You thrive in a dynamic environment where no two projects are the same, take ownership of your work, and enjoy improving processes through automation and smart ways of working. Most importantly, you are passionate about delivering compliant, reliable systems that support patients, products, and business success.

We look forward to hearing from you! We are interested in your CV, but we also want to find out more about your ambitions, your personality and what drives you to apply. So be sure to include a brief cover letter telling us why you are a match for this position. The application process consists of an introduction by the Recruiter, three interviews either via video call or live at our office in Leiden with the Hiring Manager and/or a Department Specialist and the CEO followed by contract negotiations. Depending on the vacancy, an assessment could be part of the process.

HAL Allergy does not accept unsolicited approaches from recruitment agencies and/or search firms (such as, for instance, the sending of resumes) for any job posted on this or a referring website. All recruitment agencies and search firms are required to contact HAL Allergy Recruitment via recruitment@hal-allergy.com to enquire about a potential recruitment or search agreement with HAL Allergy.

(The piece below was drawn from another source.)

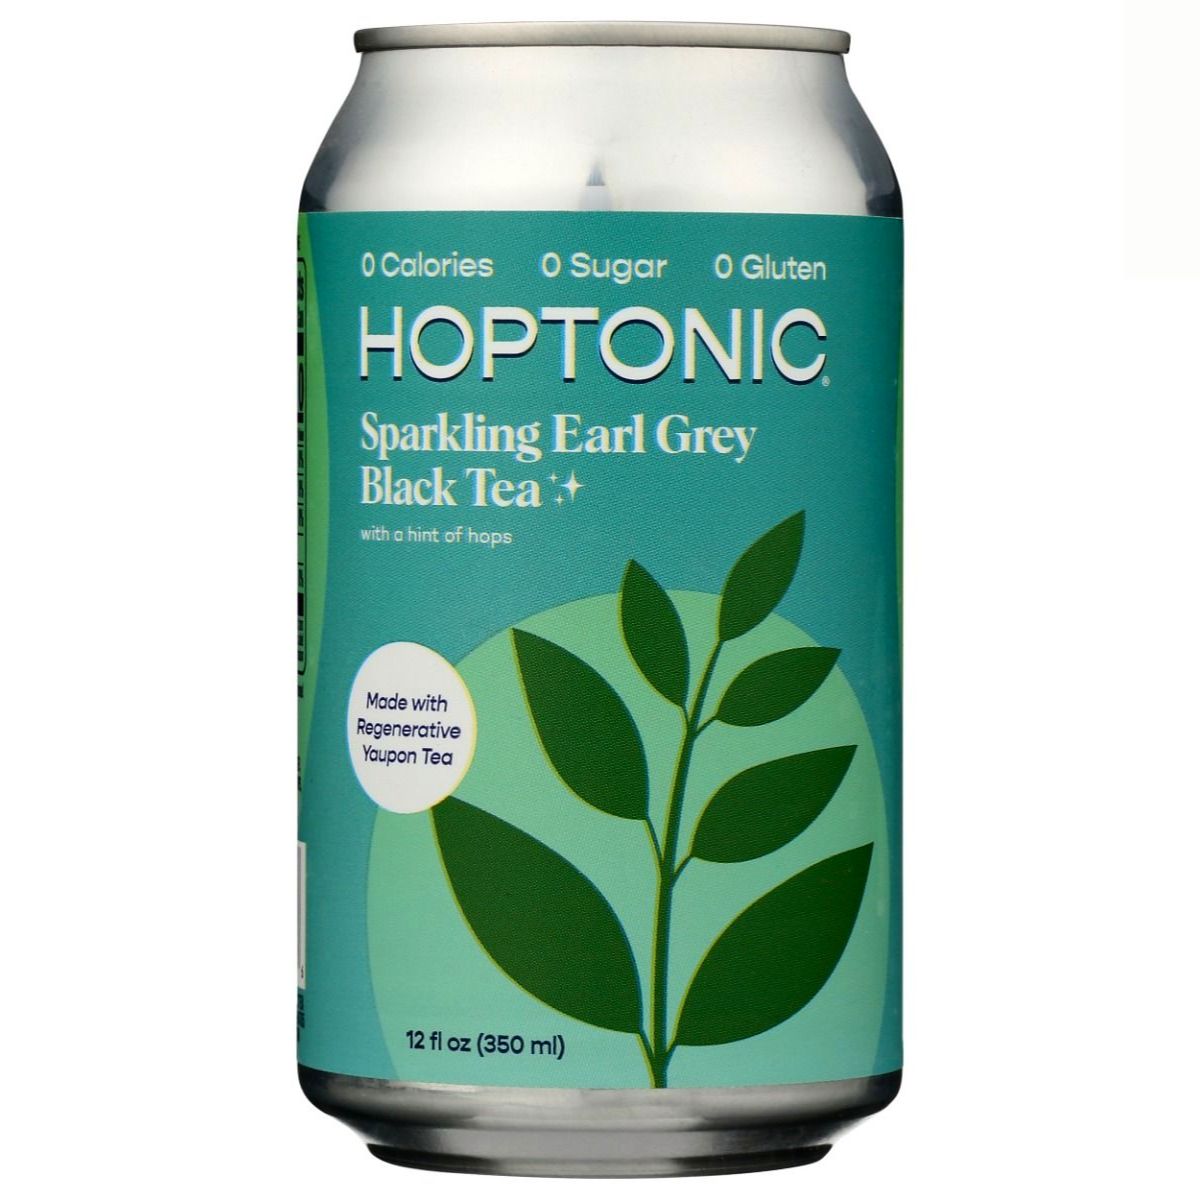 Hoptonic Sparkling Earl Grey Black Tea - 12 fl oz.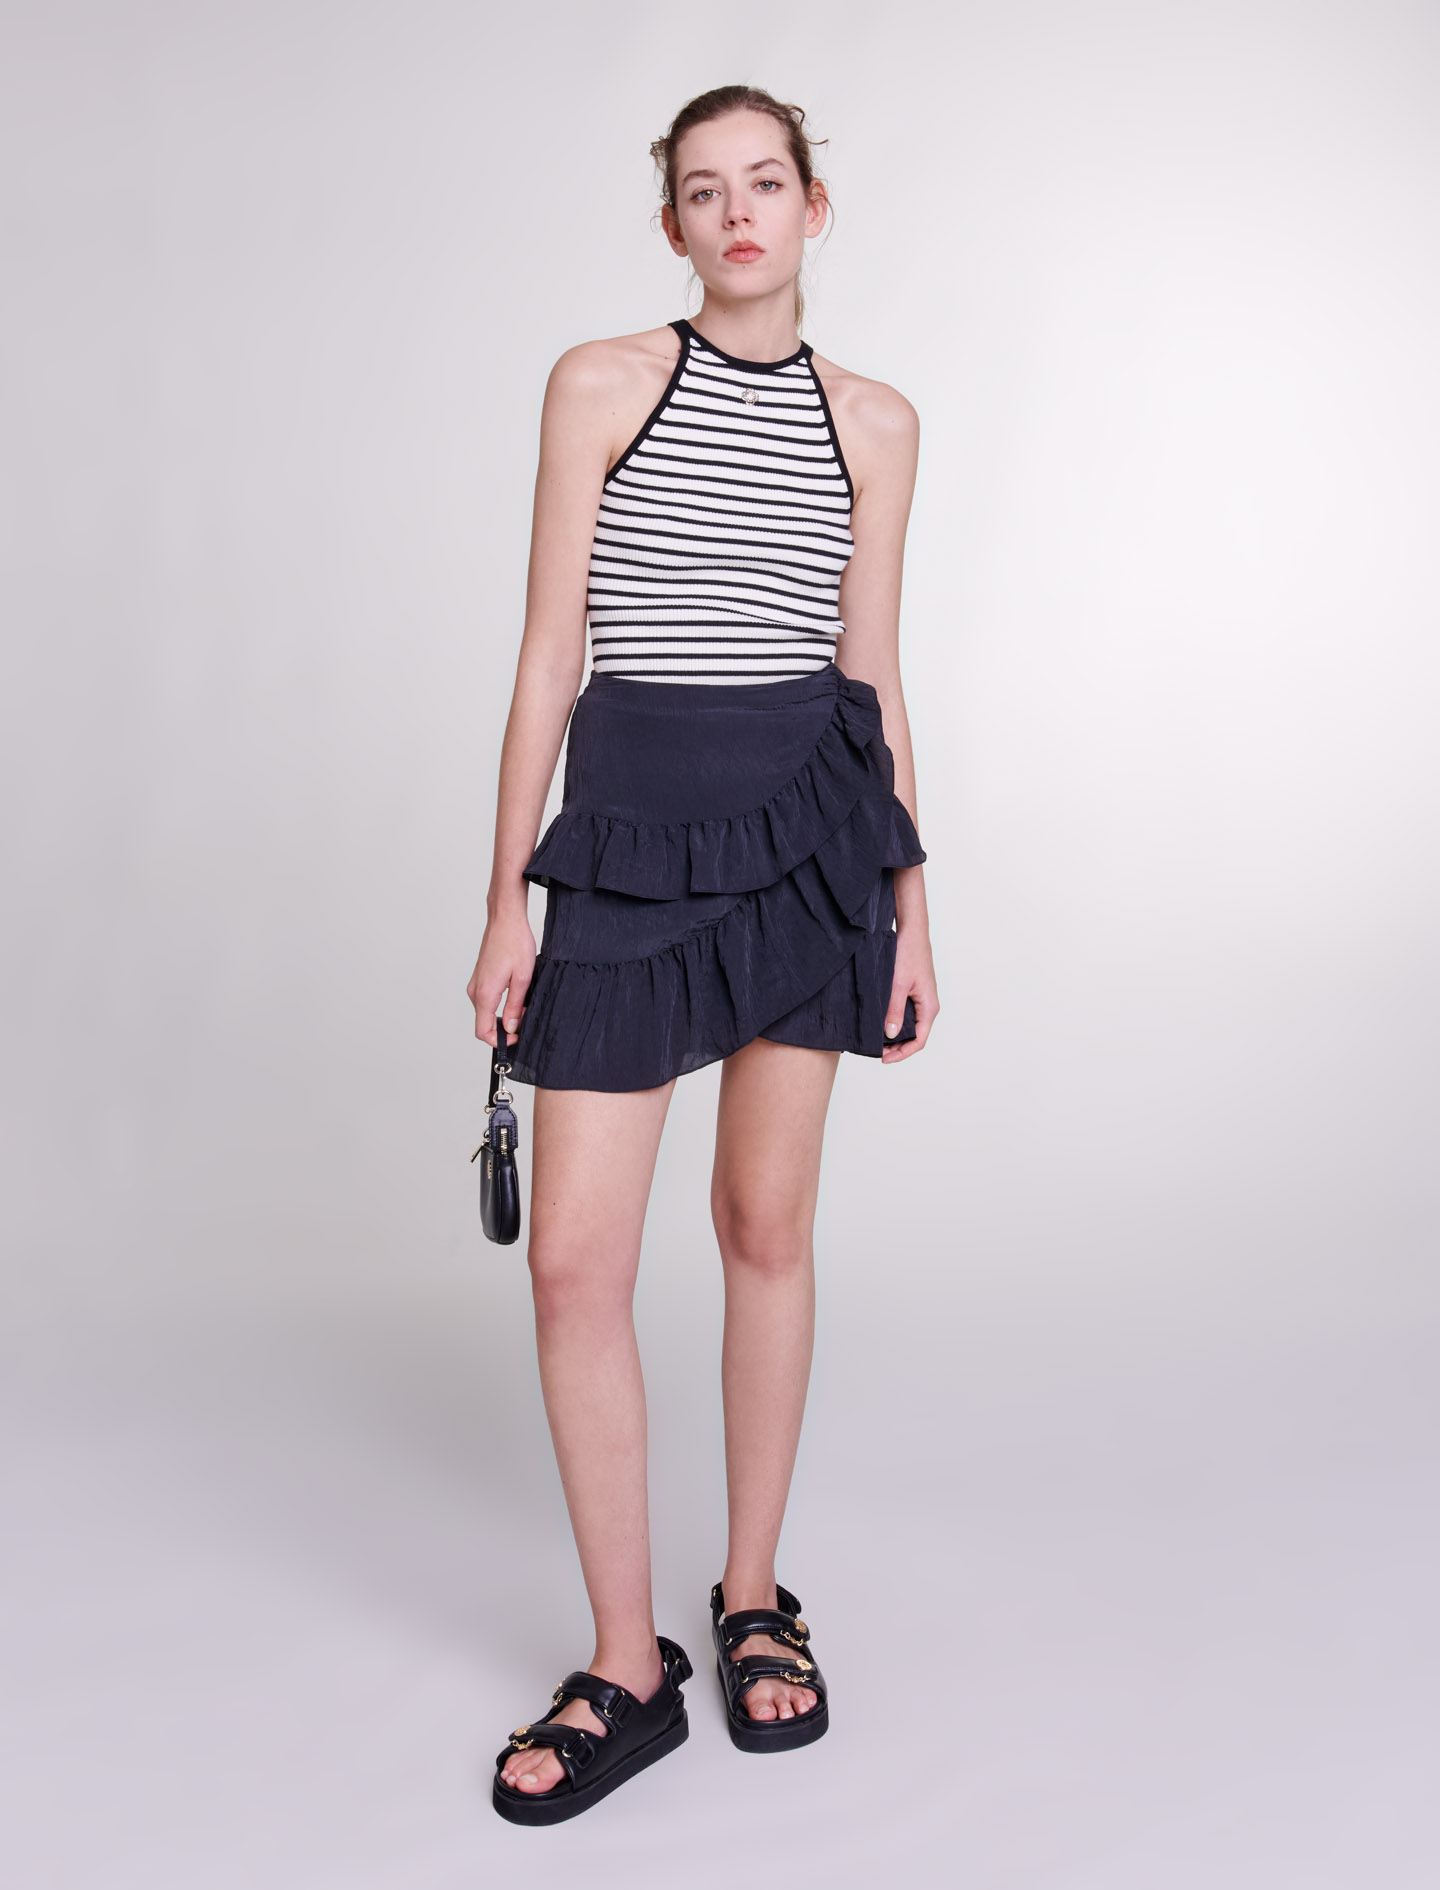 Maje Woman's polyester, Short ruffled skirt for Spring/Summer, in color Black / Black

HAL Allergy is one of the European top players in the development, production and distribution of allergen immunotherapies for the treatment and prevention of allergic diseases. We focus on the development and manufacturing of modified allergen extracts for the therapeutic and diagnostic purposes of respiratory and food allergies. With all our activities the patient's well-being is always top of mind. At Hall Allergy we foster open discussions, an entrepreneurial spirit and close collaborations within the teams and with our international colleagues summing up to more than 300 highly specialized people across various positions. If you too would like to become a part of an innovative and challenging pharmaceutical manufacturer, then this is your perfect opportunity!

HAL Allergy is headquartered in Leiden, where all disciplines work under one roof, from development to sales. We work in an informal, culturally diverse organization with room for growth and continued personal development. HAL Allergy is located in the middle of the thriving and energetic Leiden Bio Science Park, the largest innovation district of the Netherlands in the field of Life Sciences & Health. The central train station and the ancient city center of Leiden are just a 5 minute bike ride away from our office.